EXERCISE REQUIREMENTS.
All of the data goes into your copy exactly as written. Images do not.

DATASET SECTION: Begin

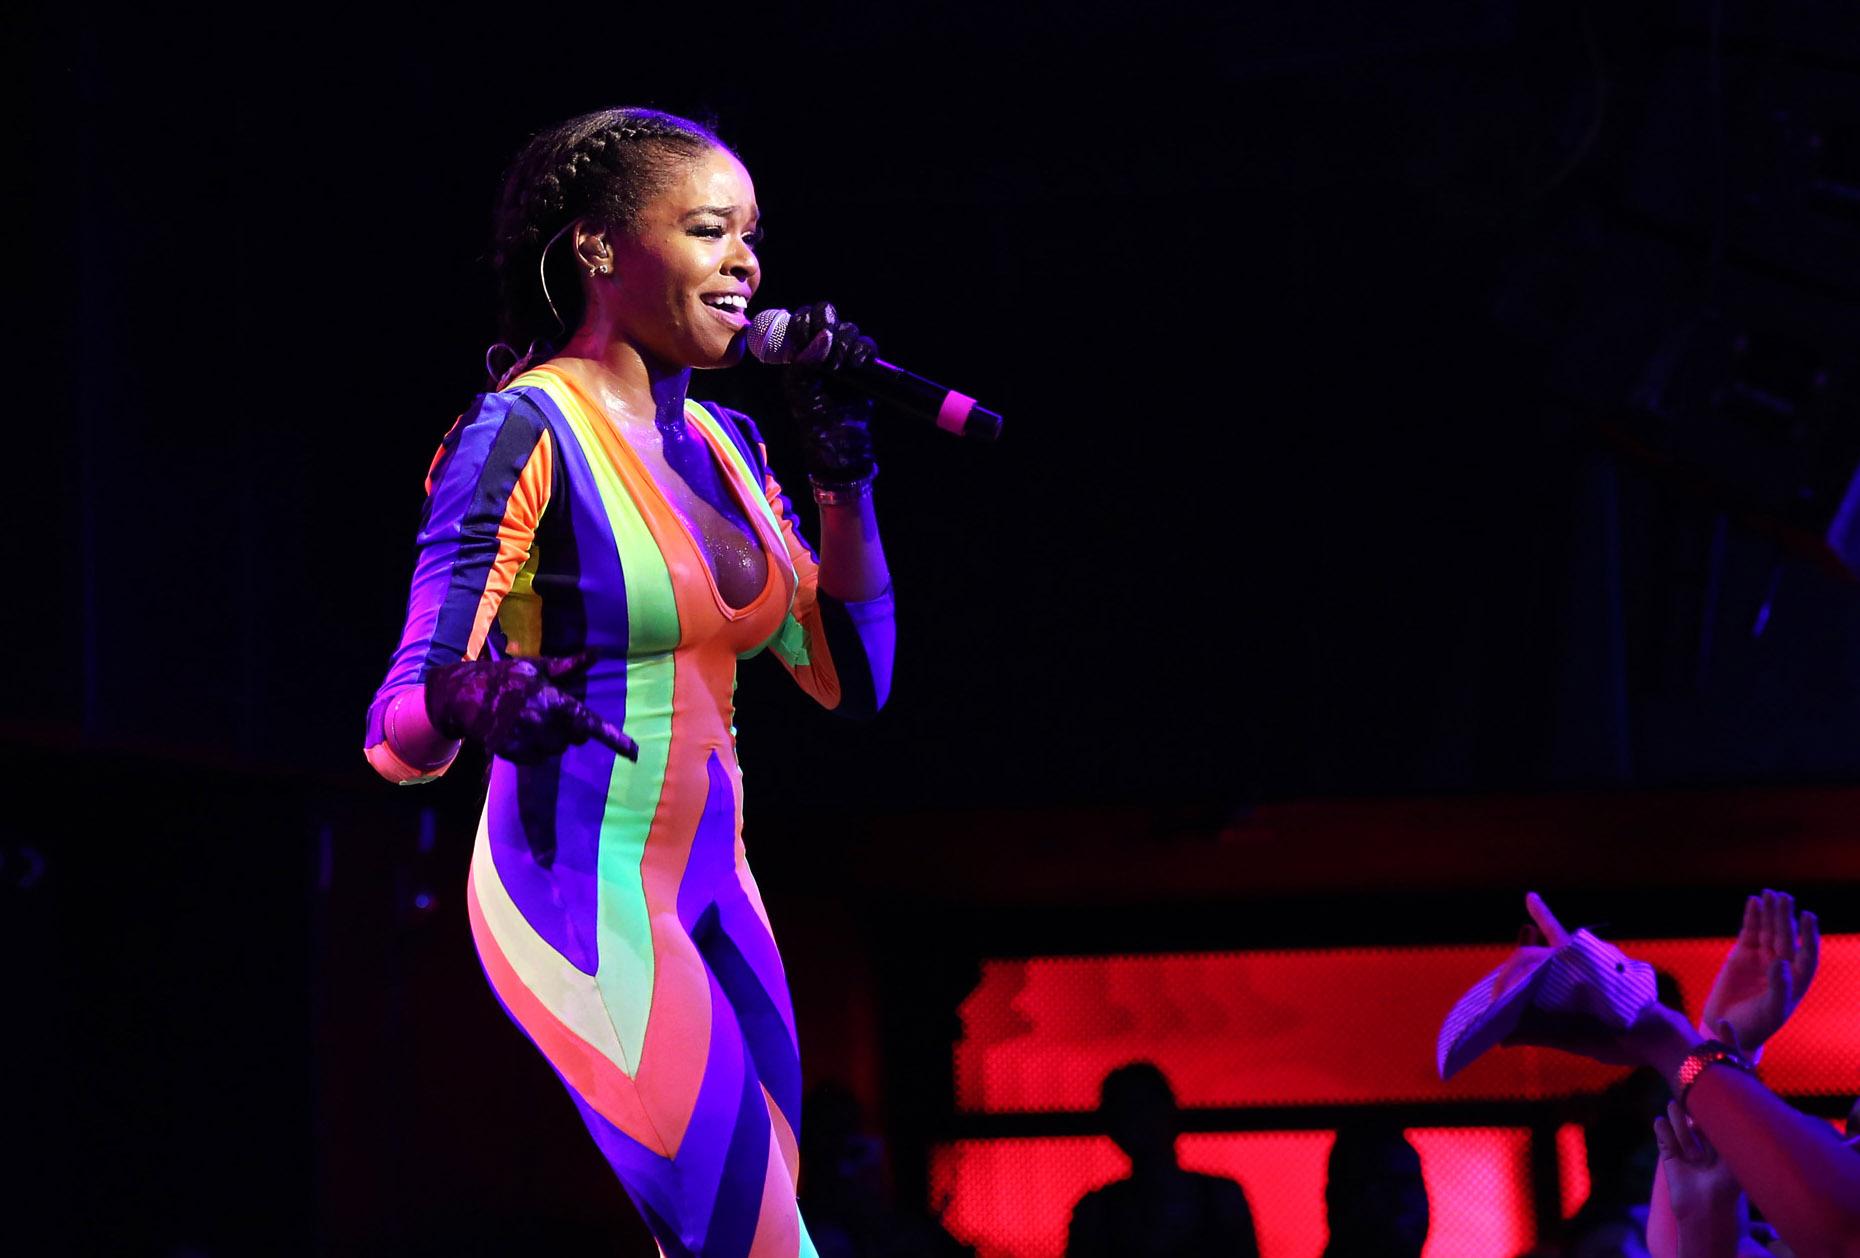 Azealia Banks In Concert - New York, New York
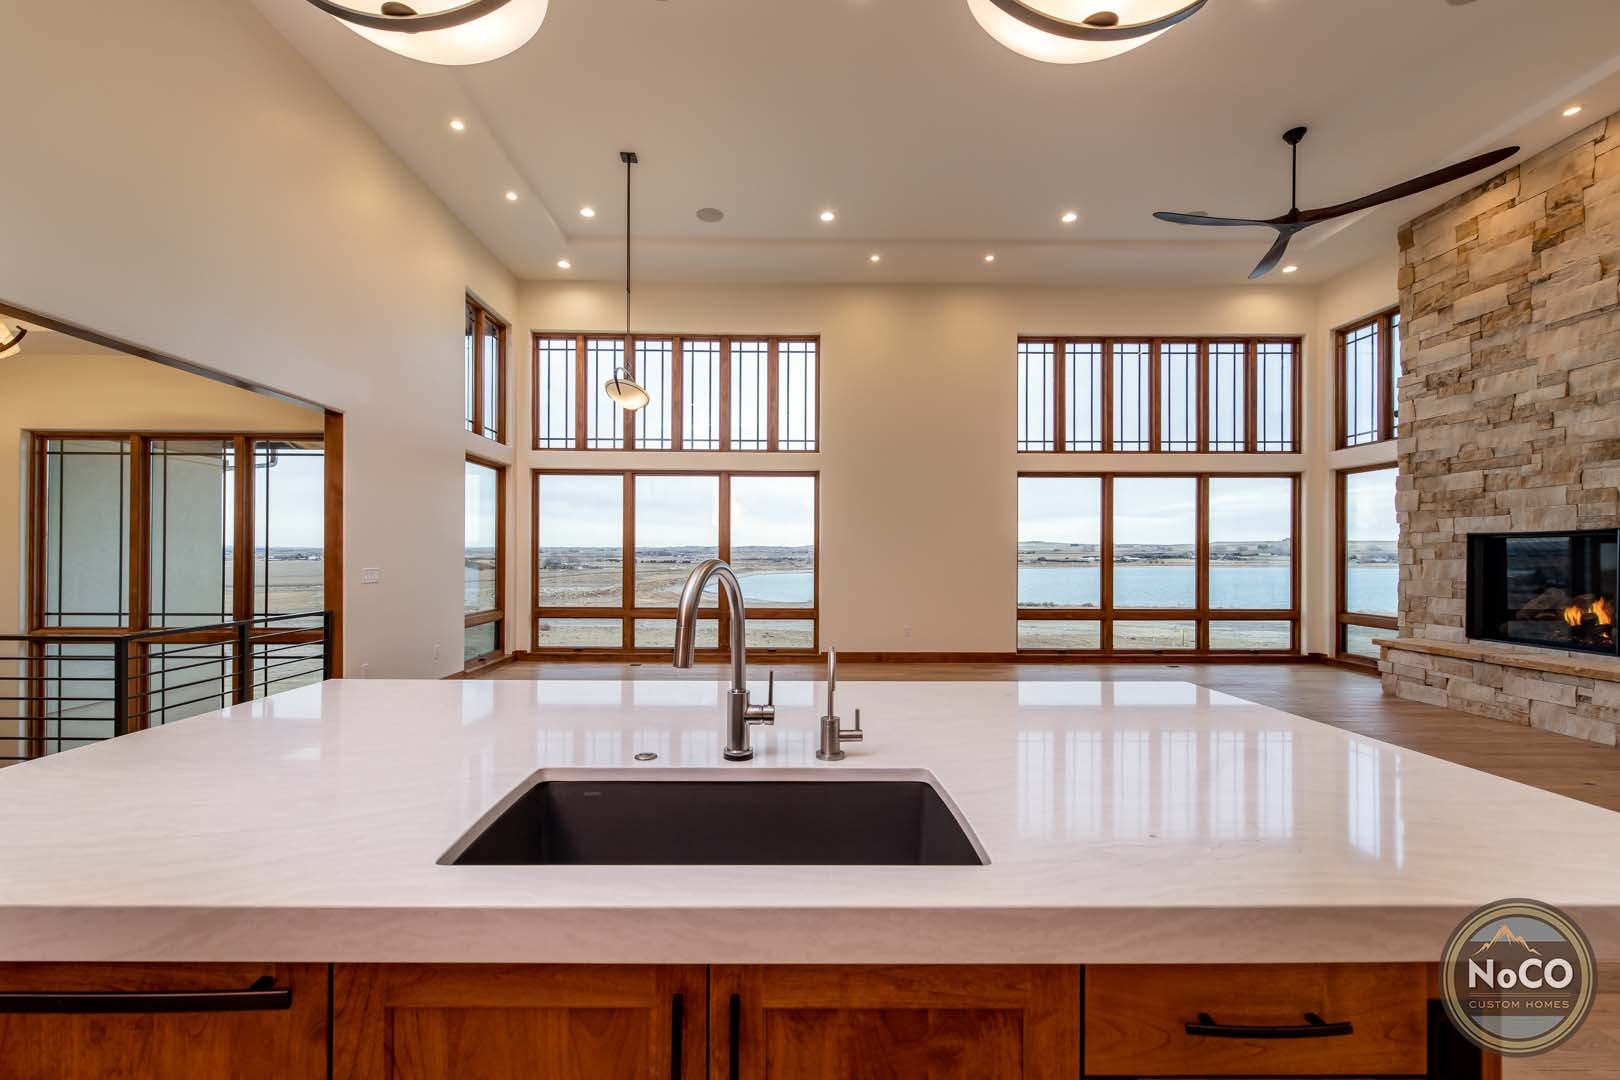 colorado custom home kitchen island open concept
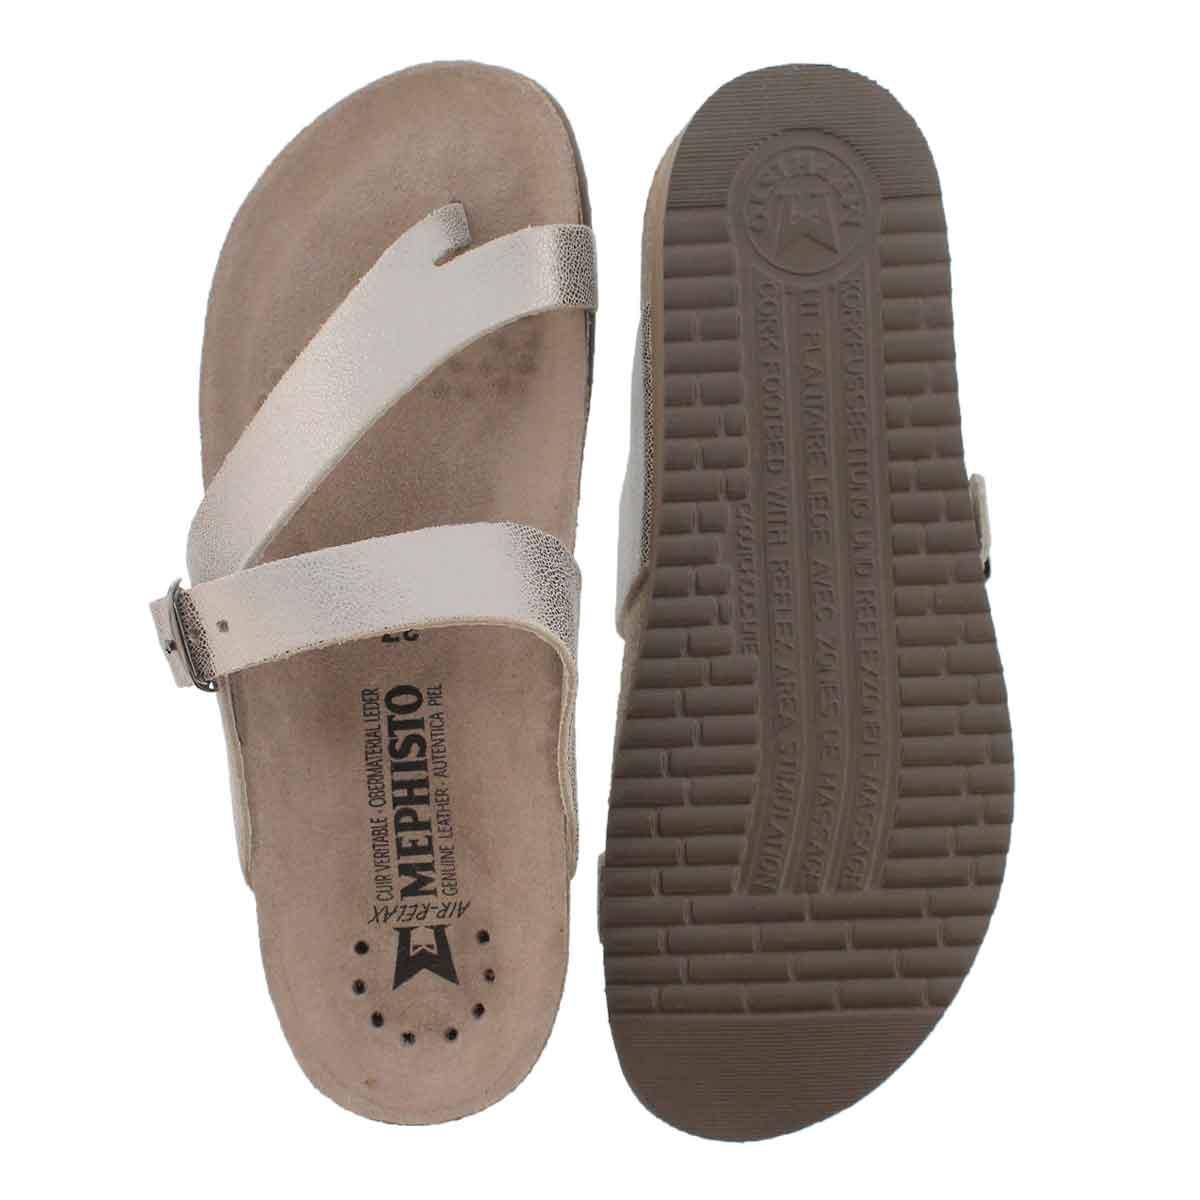 Lds Helen silver cork footbed thong
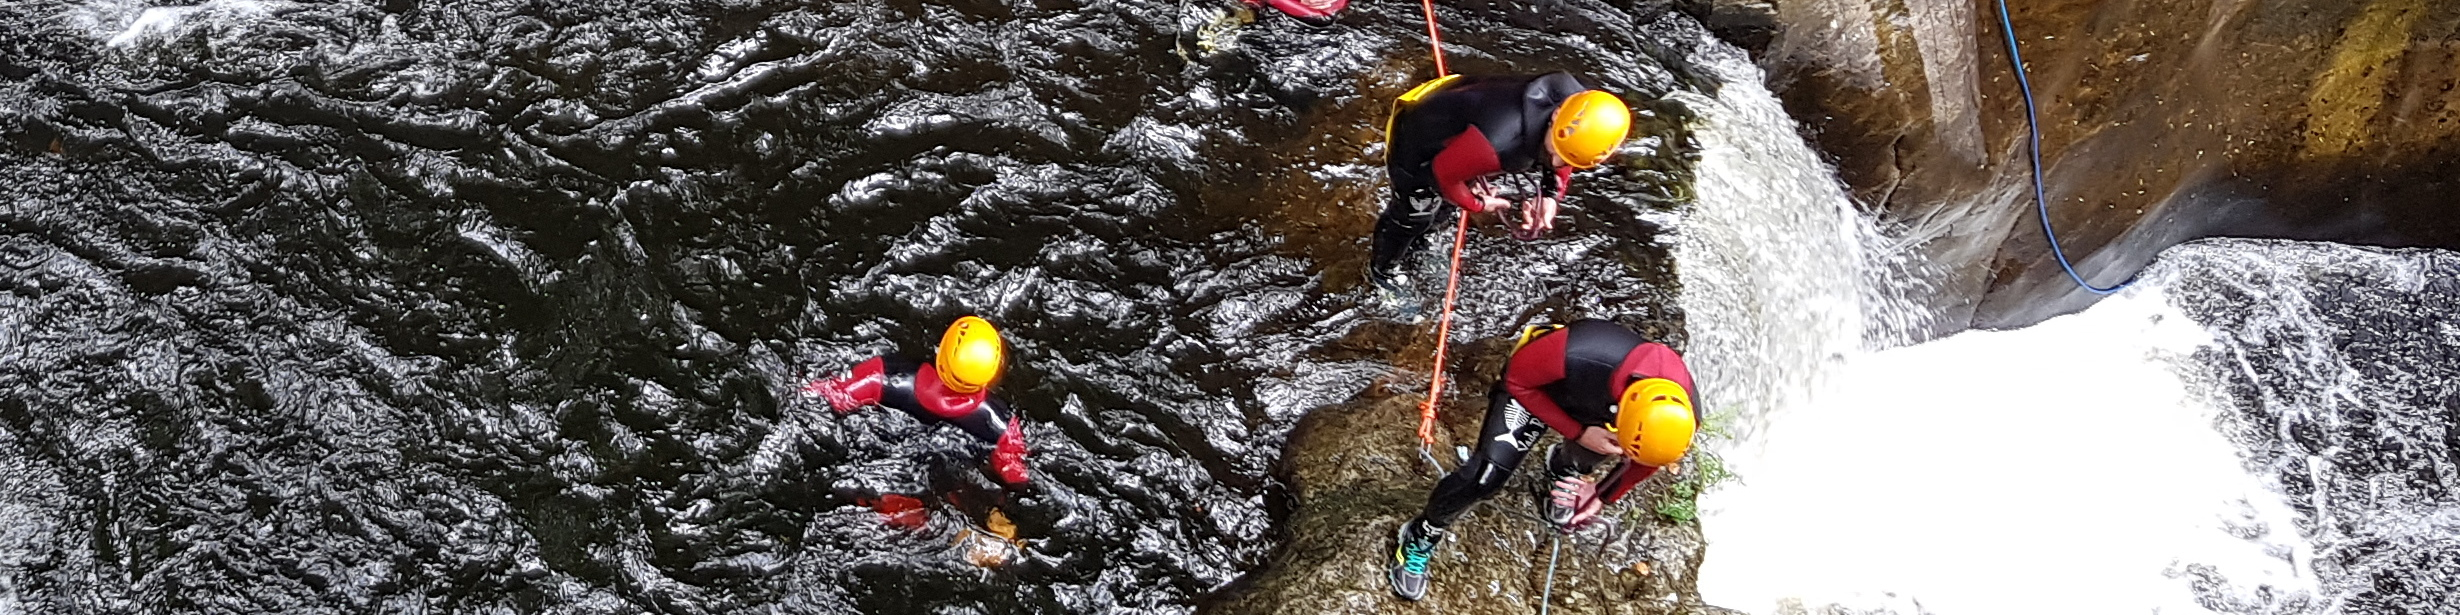 Canyoning en Auvergne

DATASET SECTION: End

COMPLETED TASK.
 Azealia Banks In Concert - New York, New York
 colorado custom home kitchen island open concept
 Lds Helen silver cork footbed thong
 Canyoning en Auvergne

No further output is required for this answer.